Division of Immunology, Beckman Research Institute of the City of Hope , 1500 E Duarte Road, Duarte, California 91010, United States.
J Chem Inf Model. 2014 May 27;54(5):1391-400. doi: 10.1021/ci400750x. Epub 2014 May 7.
Protein-protein interactions are implicated in the pathogenesis of many diseases and are therefore attractive but challenging targets for drug design. One of the challenges in development is the identification of potential druggable binding sites in protein interacting interfaces. Identification of interface surfaces can greatly aid rational drug design of small molecules inhibiting protein-protein interactions. In this work, starting from the structure of a free monomer, we have developed a ligand docking based method, called "FindBindSite" (FBS), to locate protein-protein interacting interface regions and potential druggable sites in this interface. FindBindSite utilizes the results from docking a small and diverse library of small molecules to the entire protein structure. By clustering regions with the highest docked ligand density from FBS, we have shown that these high ligand density regions strongly correlate with the known protein-protein interacting surfaces. We have further predicted potential druggable binding sites on the protein surface using FBS, with druggability being defined as the site with high density of ligands docked. FBS shows a hit rate of 71% with high confidence and 93% with lower confidence for the 41 proteins used for predicting druggable binding sites on the protein-protein interface. Mining the regions of lower ligand density that are contiguous with the high scoring high ligand density regions from FBS, we were able to map 70% of the protein-protein interacting surface in 24 out of 41 structures tested. We also observed that FBS has limited sensitivity to the size and nature of the small molecule library used for docking. The experimentally determined hotspot residues for each protein-protein complex cluster near the best scoring druggable binding sites identified by FBS. These results validate the ability of our technique to identify druggable sites within protein-protein interface regions that have the maximal possibility of interface disruption.

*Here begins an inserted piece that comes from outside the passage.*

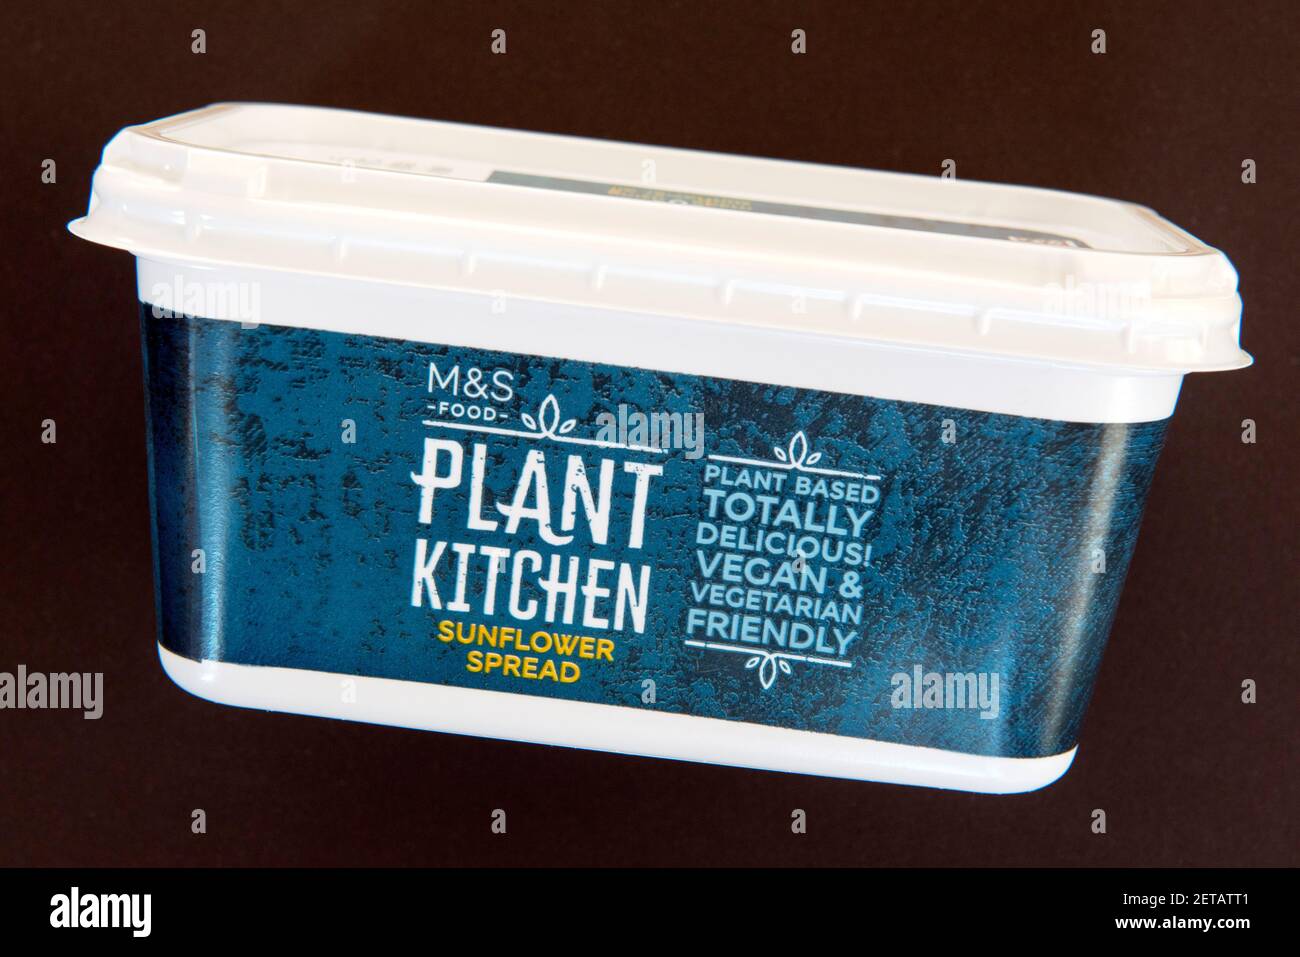 Bac de produits laitiers M&S Food Plant Kitchen vegan à tartiner au tournesol margarine libre isolée sur fond noir Banque D'Images

蛋白质-蛋白质相互作用与许多疾病的发病机制有关,因此是药物设计有吸引力但具有挑战性的目标。开发过程中的一个挑战是鉴定蛋白质相互作用界面中潜在的可成药结合位点。鉴定界面表面可以极大地帮助小分子抑制蛋白质-蛋白质相互作用的合理药物设计。在这项工作中,我们从自由单体的结构出发,开发了一种基于配体对接的方法,称为“FindBindSite”(FBS),用于定位蛋白质-蛋白质相互作用界面区域和该界面中的潜在可成药位点。FindBindSite 利用将小分子的小而多样的文库对接至整个蛋白质结构的结果。通过从 FBS 聚类具有最高对接配体密度的区域,我们表明这些高配体密度区域与已知的蛋白质-蛋白质相互作用表面强烈相关。我们还使用 FBS 预测了蛋白质表面上的潜在可成药结合位点,将成药性定义为具有高对接配体密度的位点。对于用于预测蛋白质-蛋白质界面上可成药结合位点的 41 个蛋白质,FBS 的命中率为 71%(置信度高)和 93%(置信度低)。从 FBS 的高得分高配体密度区域中挖掘与低配体密度区域连续的区域,我们能够映射 41 个测试结构中的 24 个蛋白质-蛋白质相互作用表面的 70%。我们还观察到 FBS 对用于对接的小分子文库的大小和性质的灵敏度有限。每个蛋白质-蛋白质复合物的实验确定的热点残基聚类在 FBS 确定的最佳得分可成药结合位点附近。这些结果验证了我们的技术在识别蛋白质-蛋白质界面区域内具有最大界面破坏可能性的成药位点的能力。